- Assigned task
Tally every line below where "fotografia" appears, then report the total alone.

- Provided entries

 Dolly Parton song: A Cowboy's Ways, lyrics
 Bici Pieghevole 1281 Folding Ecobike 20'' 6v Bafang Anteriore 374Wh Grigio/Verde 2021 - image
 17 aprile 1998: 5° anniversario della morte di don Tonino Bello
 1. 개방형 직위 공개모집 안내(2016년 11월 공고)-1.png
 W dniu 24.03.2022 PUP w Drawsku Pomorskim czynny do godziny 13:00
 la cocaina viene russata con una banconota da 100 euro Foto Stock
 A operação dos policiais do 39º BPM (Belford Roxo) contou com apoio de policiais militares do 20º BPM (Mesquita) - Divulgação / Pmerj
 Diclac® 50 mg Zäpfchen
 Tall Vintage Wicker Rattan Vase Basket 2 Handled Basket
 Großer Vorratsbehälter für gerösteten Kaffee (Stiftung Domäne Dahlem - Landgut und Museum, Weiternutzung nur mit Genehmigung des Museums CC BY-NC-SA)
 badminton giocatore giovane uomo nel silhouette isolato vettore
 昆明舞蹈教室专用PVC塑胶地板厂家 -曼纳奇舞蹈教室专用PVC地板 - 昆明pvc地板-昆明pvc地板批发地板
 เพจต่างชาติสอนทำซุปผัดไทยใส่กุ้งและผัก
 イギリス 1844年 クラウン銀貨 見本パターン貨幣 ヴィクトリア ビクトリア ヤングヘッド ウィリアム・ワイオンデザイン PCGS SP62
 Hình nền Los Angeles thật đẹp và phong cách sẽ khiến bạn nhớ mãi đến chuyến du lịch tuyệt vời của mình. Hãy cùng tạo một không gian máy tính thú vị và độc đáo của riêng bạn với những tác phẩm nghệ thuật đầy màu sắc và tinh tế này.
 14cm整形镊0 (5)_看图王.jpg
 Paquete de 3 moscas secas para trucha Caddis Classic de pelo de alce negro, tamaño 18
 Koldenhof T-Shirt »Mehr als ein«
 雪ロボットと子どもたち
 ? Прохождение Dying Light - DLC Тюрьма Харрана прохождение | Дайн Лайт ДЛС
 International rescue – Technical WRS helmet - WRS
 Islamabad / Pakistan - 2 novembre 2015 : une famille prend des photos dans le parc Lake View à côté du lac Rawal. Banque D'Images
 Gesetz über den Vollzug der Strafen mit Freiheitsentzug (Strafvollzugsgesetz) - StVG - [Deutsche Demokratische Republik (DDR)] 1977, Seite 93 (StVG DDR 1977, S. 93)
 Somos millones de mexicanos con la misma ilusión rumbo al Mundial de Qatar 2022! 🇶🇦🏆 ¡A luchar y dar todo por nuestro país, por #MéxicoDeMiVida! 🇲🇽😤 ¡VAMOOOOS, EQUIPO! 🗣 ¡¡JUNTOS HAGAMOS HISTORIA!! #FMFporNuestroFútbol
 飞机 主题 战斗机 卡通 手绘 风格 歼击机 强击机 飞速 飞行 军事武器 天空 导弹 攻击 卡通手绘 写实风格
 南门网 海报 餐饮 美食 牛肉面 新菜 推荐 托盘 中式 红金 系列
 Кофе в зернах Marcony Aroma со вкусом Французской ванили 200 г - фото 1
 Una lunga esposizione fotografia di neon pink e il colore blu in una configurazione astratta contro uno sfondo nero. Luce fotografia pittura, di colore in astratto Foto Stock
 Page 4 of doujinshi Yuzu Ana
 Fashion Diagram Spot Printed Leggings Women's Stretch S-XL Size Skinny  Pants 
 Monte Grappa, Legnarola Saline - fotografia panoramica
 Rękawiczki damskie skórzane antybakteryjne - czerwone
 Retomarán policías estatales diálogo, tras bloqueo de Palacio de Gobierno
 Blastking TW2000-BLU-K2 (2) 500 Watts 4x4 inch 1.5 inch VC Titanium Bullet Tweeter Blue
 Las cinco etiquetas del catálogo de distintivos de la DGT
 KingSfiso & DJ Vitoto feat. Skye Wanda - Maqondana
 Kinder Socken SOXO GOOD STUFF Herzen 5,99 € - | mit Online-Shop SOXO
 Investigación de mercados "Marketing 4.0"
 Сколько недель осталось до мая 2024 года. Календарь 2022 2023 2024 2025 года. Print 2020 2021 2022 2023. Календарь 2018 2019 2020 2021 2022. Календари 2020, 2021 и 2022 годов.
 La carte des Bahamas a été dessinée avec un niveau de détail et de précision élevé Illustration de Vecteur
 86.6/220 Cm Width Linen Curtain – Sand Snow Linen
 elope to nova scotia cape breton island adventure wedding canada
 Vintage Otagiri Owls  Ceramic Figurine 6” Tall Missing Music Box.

- Solution to the problem
2